14/10/2022 – Workshop
Seizing growth opportunities in Bulgarian TCLF industries
Huge investment will be needed in both technology and people to ensure that the Bulgarian TCLF sectors can become greener and more digital.
The textile, clothing, leather and footwear (TCLF) industries employ 80,000 workers in Bulgaria. However, employment has gone down by 20% in the past four years which is a concern. Social partners discussed the challenges and opportunities of the new EU Sustainable Textiles Strategy and focused on both environmental and social sustainability. They agreed that for the Strategy to be successful, all stakeholders must come together, and that a level playing field must be maintained between EU (Bulgarian) and non-European companies.
In the face of tough global competition, huge investment will be needed in both technology and people to ensure that the Bulgarian TCLF sectors can become greener and more digital. The modernisation of these sectors would also help the sector to become more attractive to Bulgarian workers, thus reducing the need to hire workers from abroad.
Changes needed for growth opportunities
Employers and unions called on the Bulgarian government to come up with an industrial strategy to make use of the growth opportunities for a country close to major European markets.

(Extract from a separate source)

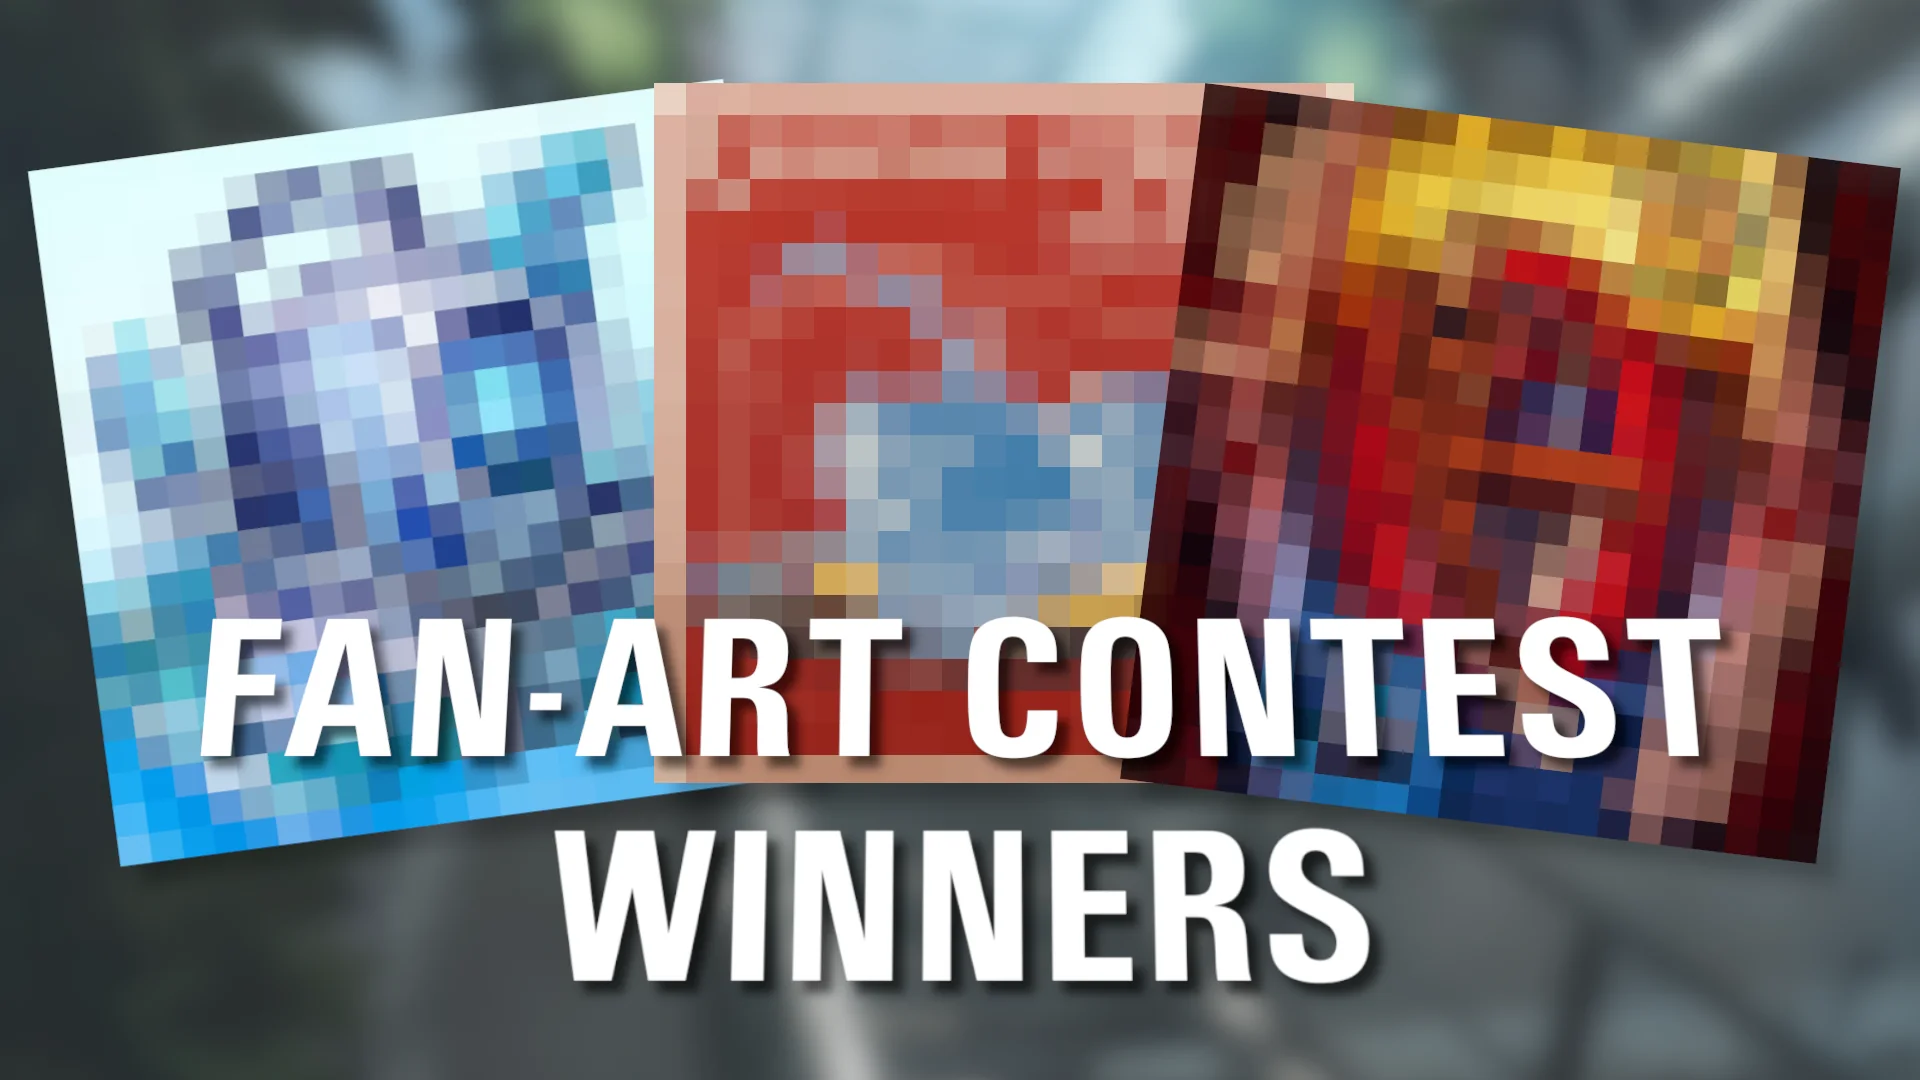 Our Fan-Art Contest Winners!

In the EU Strategy, TCLF industries are one of 14 industrial priority sectors.
Concerns were raised by national social partners, similar to other central and south European countries, that some young workers have opted to leave for Western Europe. Proposals to tackle this issue included ensuring better purchasing practices from major fashion brands whose suppliers account for over 90% of TCLF production. The social partners voiced their hope that with improvement in the purchasing practices of brands, changes in the behaviour of consumers and measures to ensure competitiveness that benefits could be felt by both industry and the workforce.
FOSIL-CITUB and FLI-PODREPA unions called for stronger social dialogue and sectoral collective bargaining. There has been no branch agreement since 2008, and existing company accords only cover 3-4% of the sector. This is far from the 80% coverage mentioned as reference in the upcoming European Minimum Wage Directive. As such, the unions have agreed to start developing a work plan to increase their leverage.
Employers wanted to have regulations to combat the grey economy and unfair competition. BAATPE and BATOK associations acknowledged that social partners must increase their representativeness to have a louder voice.
Luc Triangle, industriAll Europe’s General Secretary said: “The message from trade unions in Sofia is clear: we need quality social dialogue and strong collective agreements to ensure a positive future for the TCLF industries in Bulgaria. The EU’s Sustainable Textiles Strategy offers a real opportunity if managed correctly, but investments - both in technology and the workforce - will be essential. This includes ensuring fair wages and good conditions to retain current workers and attract new ones.’’
- The workshop was part of an EU-funded Social Dialogue project ’Ensuring a sustainable future for the Southeast European textile, clothing, leather and footwear industries’, carried out in cooperation between European industry associations EURATEX, COTANCE, CEC and industriAll Europe. The two-year project covers Bulgaria, Croatia, North Macedonia, Romania and Serbia, where the TCLF industries employ over 400,000 workers.